Note: VVER-1200 is the reactor portion of the AES-2006 nuclear power plant. Rostov is also known as Volgodonsk. 

After the Fukushima accident, checks were made on Russian nuclear plants. Following these, in mid June 2011 Rosenergoatom announced a RUR 15 billion ($530 million) safety upgrade program for additional power and water supply back-up. Rosenergoatom spent RUR 2.6 billion on 66 mobile diesel generator sets, 35 mobile pumping units and 80 other pumps.

The FTP programme is based on VVER technology, at least until roughly 2030. It highlights the goal of moving to fast neutron reactors and a closed fuel cycle, for which Rosatom proposed two options. The first is to select a fast neutron reactor with lead coolant as the basic technology, and to mobilize all available resources for this exclusively. This is expected to cost RUR 110 billion, mostly from the federal budget. The second option also provides for development of fast neutron reactors, cooled by sodium and lead-bismuth, with the related engineering designs of such reactors and closed fuel cycle technologies to be in place no later than 2014. A detailed design should be developed for the construction of a multi-purpose fast neutron research reactor (MBIR) by then also. This second option is designed to attract more funds aside from the federal budget allocation, and is the option favored by Rosatom.
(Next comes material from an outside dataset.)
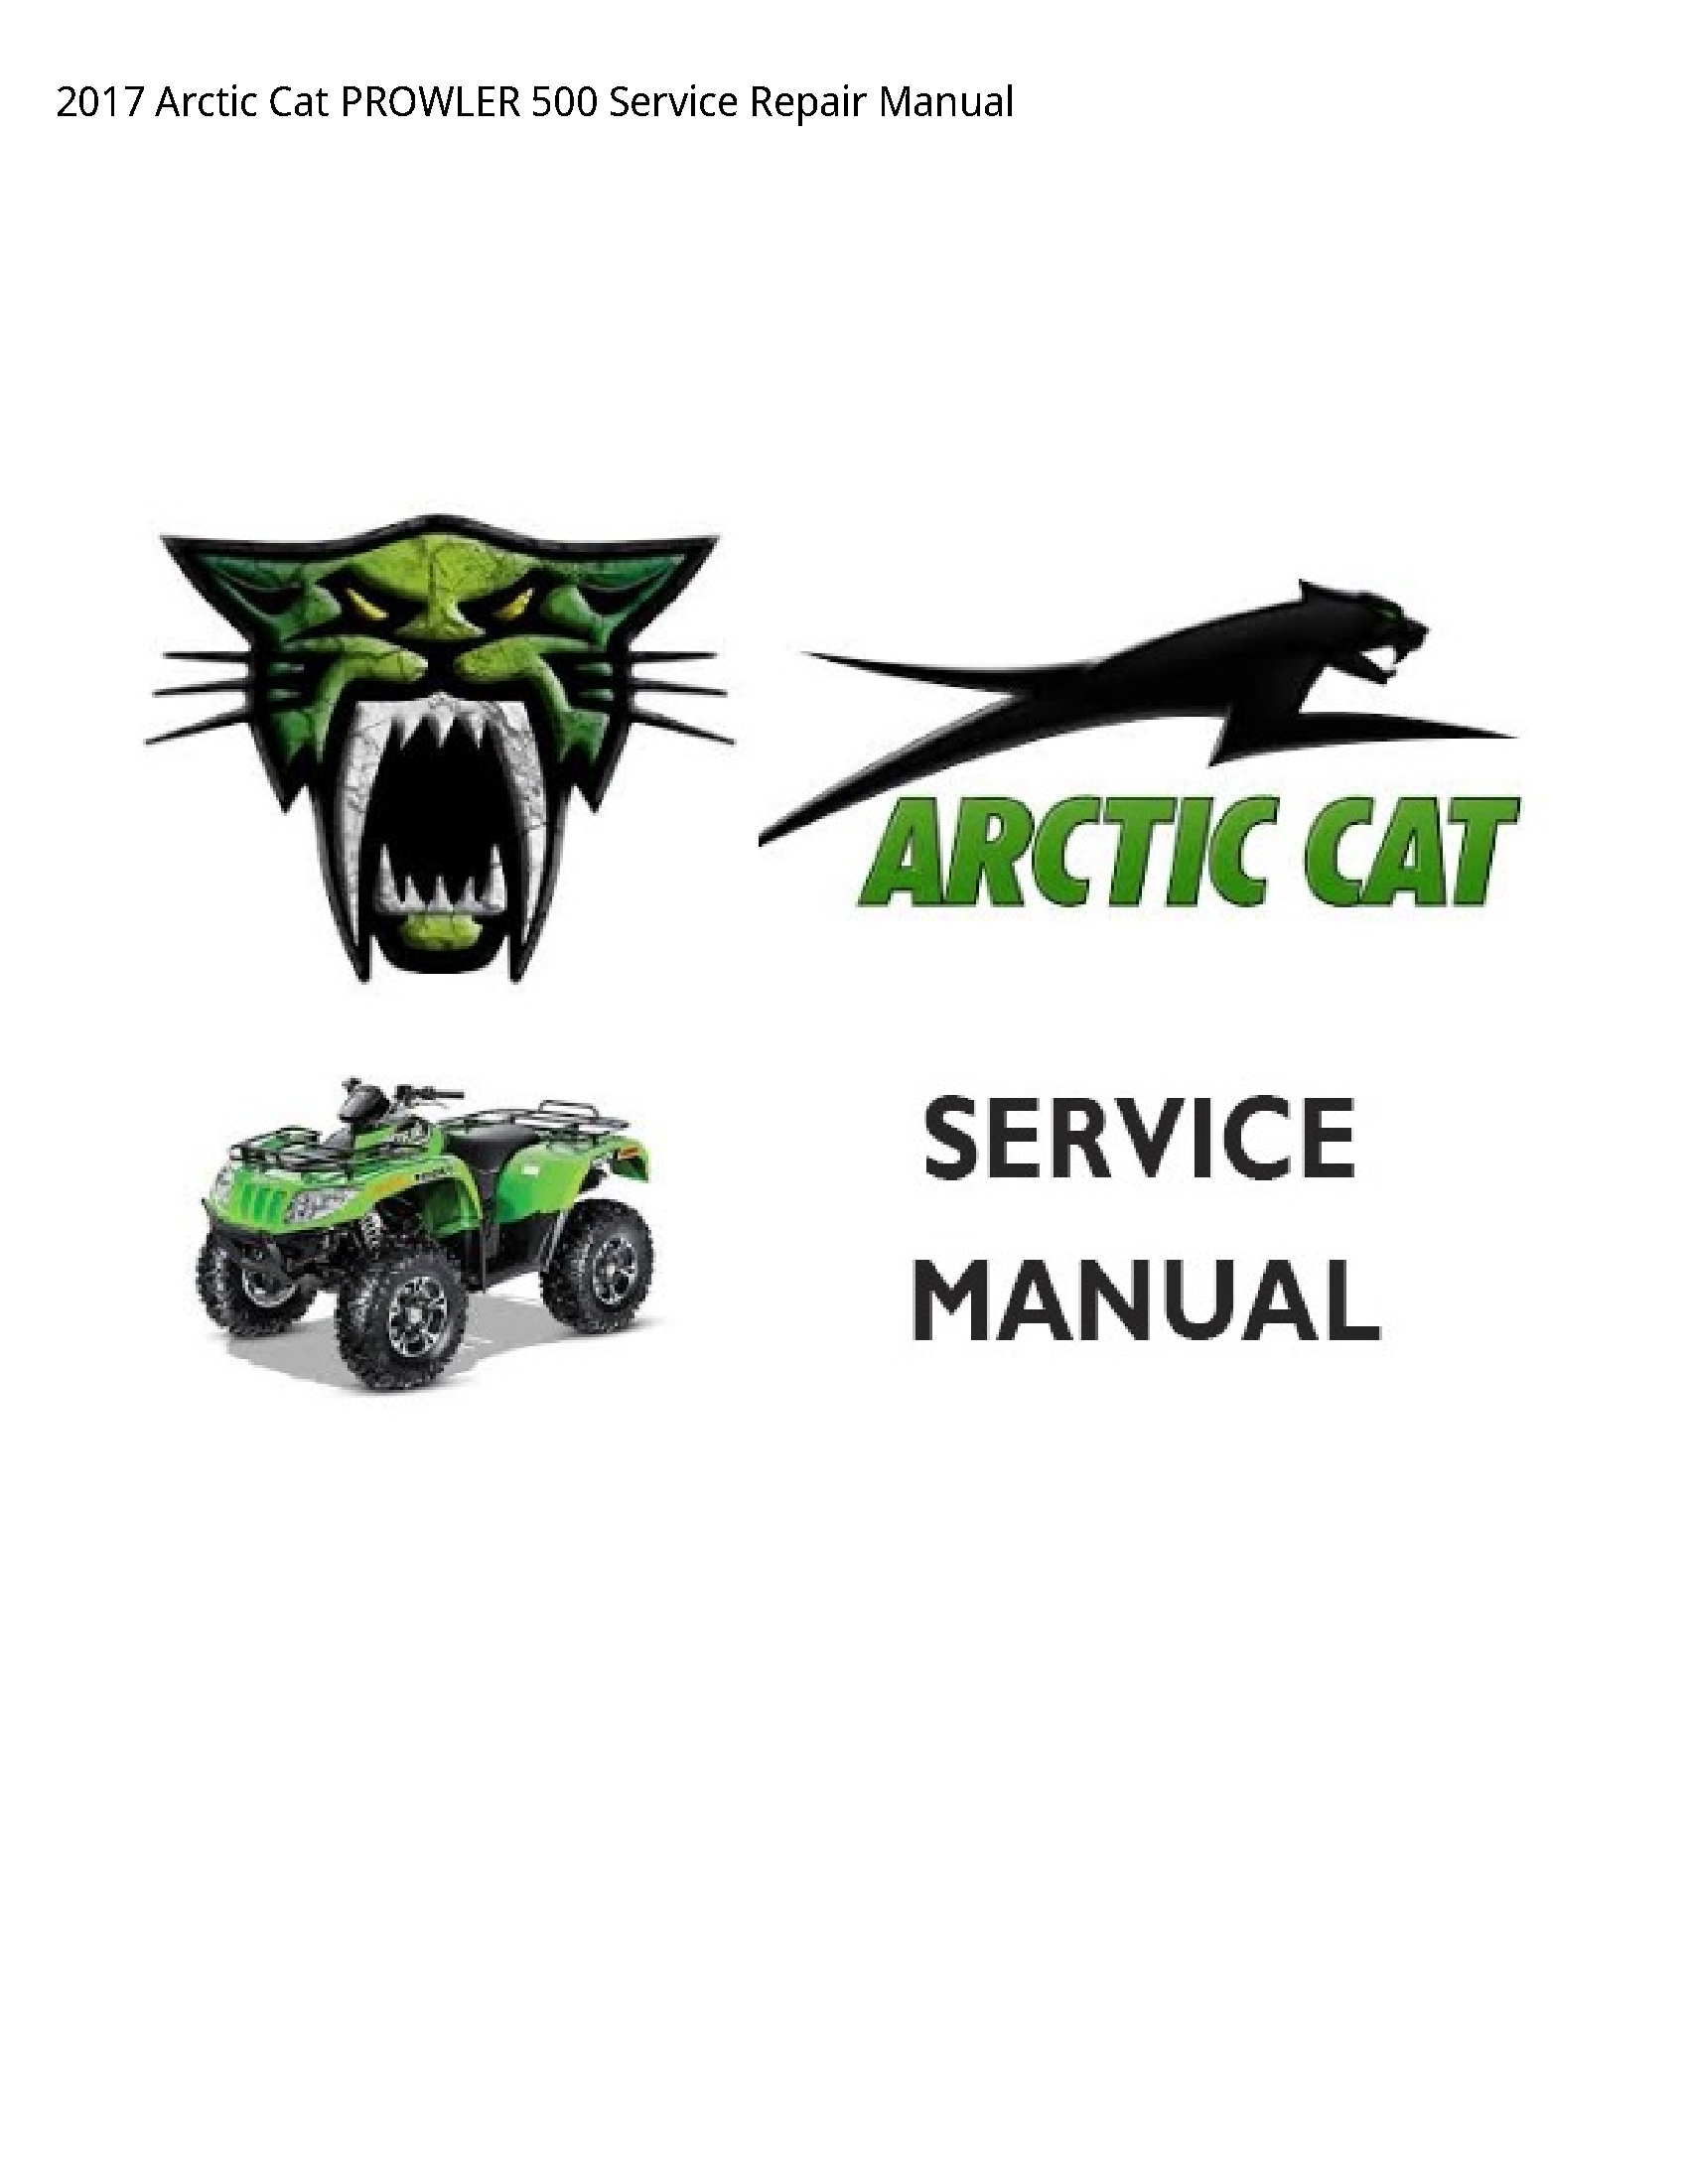 Arctic Cat 500 PROWLER manual

In mid-2009, the Russian government said that it would provide more than RUR 120 billion (about US$3.89 billion) over 2010 to 2012 for a new programme devoted to R&D on the next generation of nuclear power plants. It identified three priorities for the nuclear industry: improving the performance of light water reactors over the next two or three years, developing a closed fuel cycle based on deployment of fast reactors in the medium term, and developing nuclear fusion over the long term.

In February 2010, the government announced that Rosenergoatom’s investment programme for 2010 amounted to RUR 163.3 billion, of which RUR 53 billion would come from the federal budget. Of the total cost, RUR 101.7 billion is for nuclear plant construction, almost half of which is to come from Rosenergoatom’s funds. It includes the reactors listed below as under construction, as well as Leningrad II-2 and the Baltic plant. In March, Rosatom said that it now intended to commission three new reactors per year from 2016.
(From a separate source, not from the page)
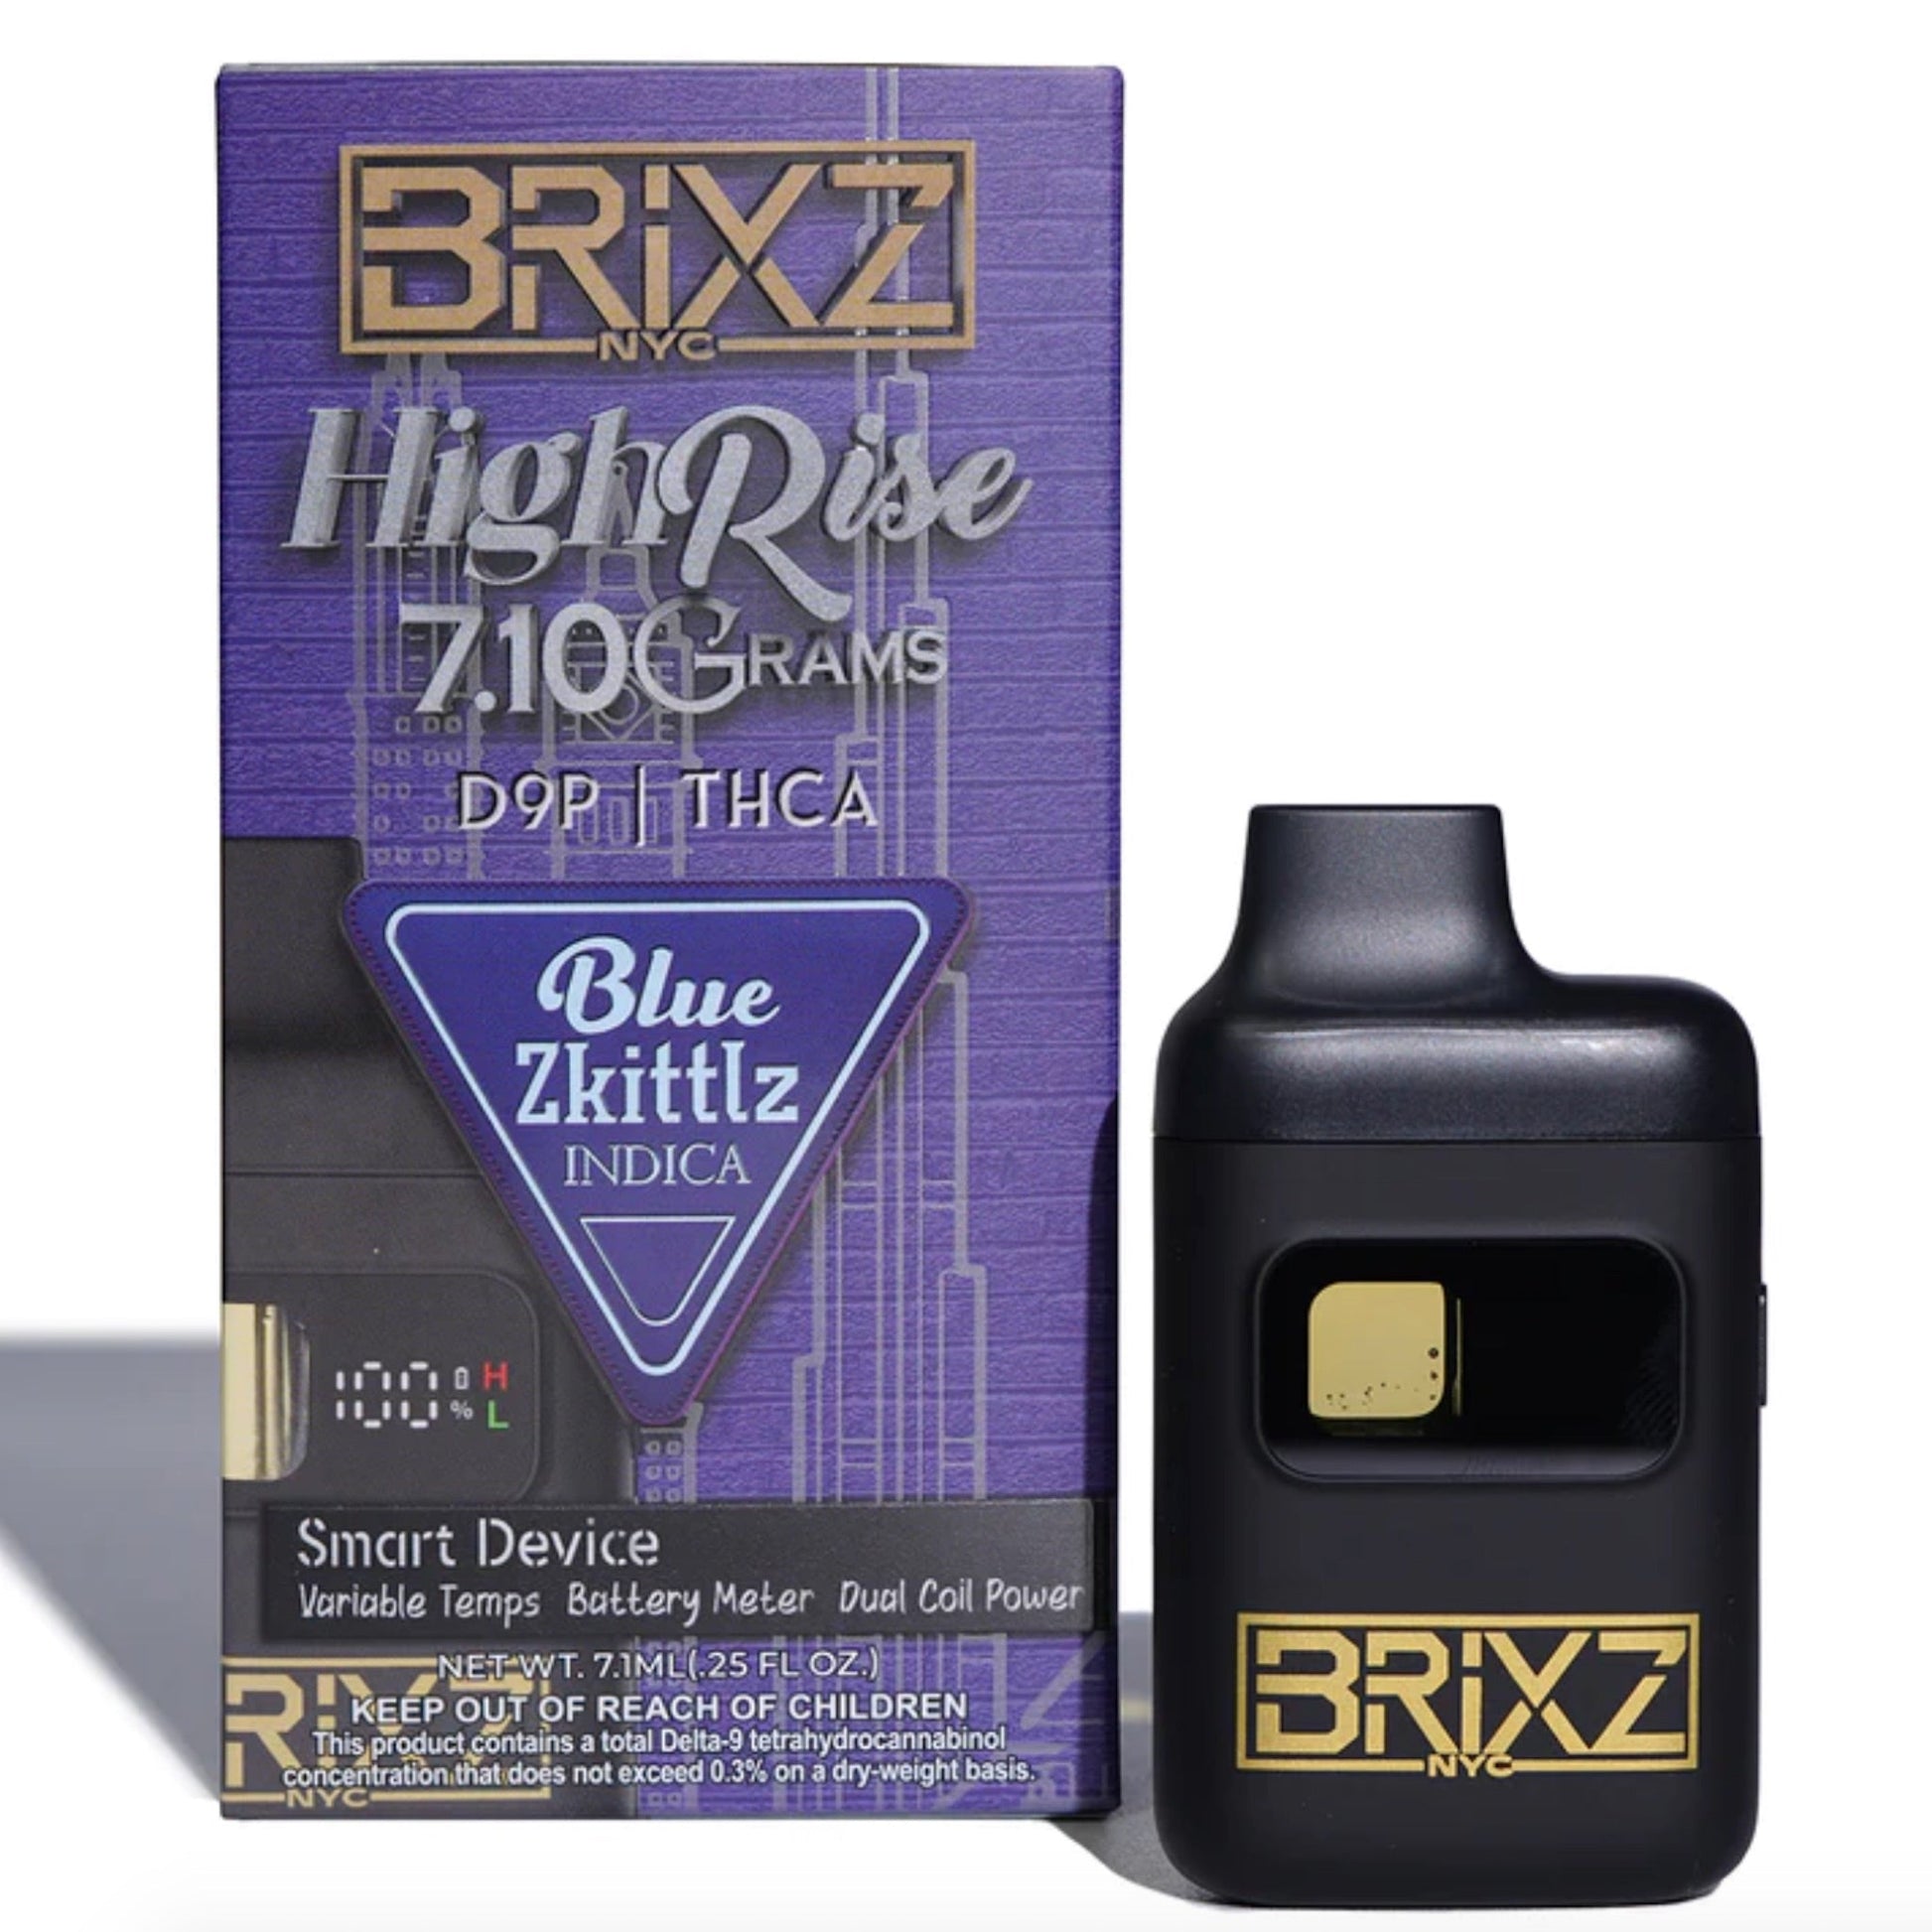 Dazed Brixs Highrise THC-A Vaporizer - 7.1g

In March 2011, the State Duma’s energy committee recommended construction of Kursk II with standard VVER-TOI reactors and the updating of FTP plans to have Units 1 and 2 put on line in 2020 and 2023. Rosatom was told to start engineering surveys for Kursk II in 2011. The committee has said that unit 1 must be in service by the time the first RBMK unit of phase I is closed, in order to ensure adequate supply to Moscow. 
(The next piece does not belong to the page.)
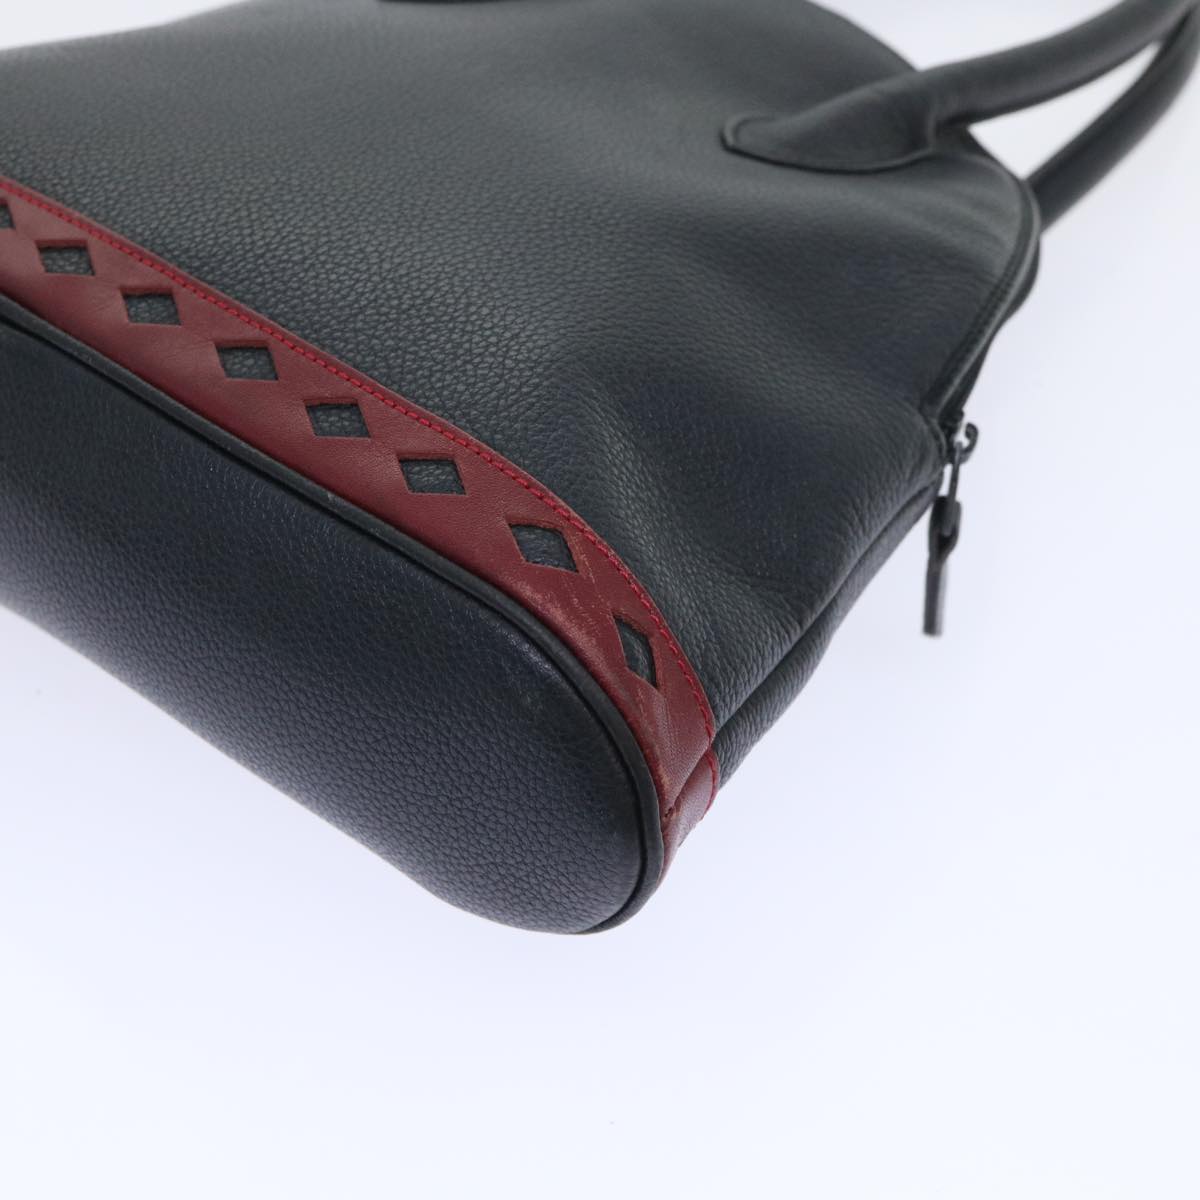 SAINT LAURENT Hand Bag Leather Black Auth bs8423

The Russian Power Grid is the world's largest highly automated complex to generate, transmit, and distribute electric power and also to control these processes on a day-to-day basis. The power industry in Russia developed stepwise, by incorporating regional power systems, working in parallel, and forming interregional electric power pools, which merged to form a single Power Grid. The nation's Power Grid started to evolve as soon as the GOELRO plan was launched. Russia's Power Grid, the main component of the national power industry, is a complex network of power plants and mains, which have the same operating mode and centralized dispatching control. The transition to this form of organization of the power industry made it possible to make the most of power resources and to raise the economy and reliability of energy supply to both economy and population.

The control of this immense, synchronously operating system, which reaches 7 000 km west to east and over 3000 km north to south, is a very complex engineering task, which has no analogues anywhere in the world. Also, in its more than 40 years in operation, the Russian Power Grid has accumulated a wealth of experience in the reliable and efficient supply of quality energy to users. Of the total 74 power networks, the Power Grid of Russia comprises 69 power networks. Of the seven Integrated Power Systems (IPSs) six work in parallel as part of the Power Grid: the Center, Middle Volga, Urals, Northwest, North Caucasus, and Siberia IPSs. The East IPS operates separately from the Siberia IPS. Working in parallel with the Russian Power Grid are the power systems of Kazakhstan, Ukraine, Republic of Moldova, Belarus, Estonia, Latvia, Lithuania, Azerbaijan, and Georgia, and, through the insertion of direct current, the power system of Finland.

Placement of nuclear power plants in Russia performs accordance with resolution of the Government of the Russian Federation on October 17, 2009 ? 823 "On schemes for long-term development of electric power"

Basic Principles of the schemes and programs for long-term electric power development are next:

• Efficiency,

• application of new technological solutions,

• coordination of schemes and programs of long-term development of electric power and the subjects ofelectricity,

• publicity and openness of public investment strategies and solutions.

Unfavorable for the placement of NPP must be territory of active volcanoes, territory to be exposed to tsunamis, floods, catastrophic floods.

ROSATOM's comprehensive offerings include PR solutions that make it possible to obtain public acceptance of nuclear power viewed as a cornerstone of stability in the nuclear industry around the globe. ROSATOM adheres to principles of transparency, raising public awareness of Russian nuclear operations. This approach enables us to secure general public consensus (according to a survey conducted in 2013 by the Levada Analytical Centre, 71.5% of Russians support the continued development of nuclear power).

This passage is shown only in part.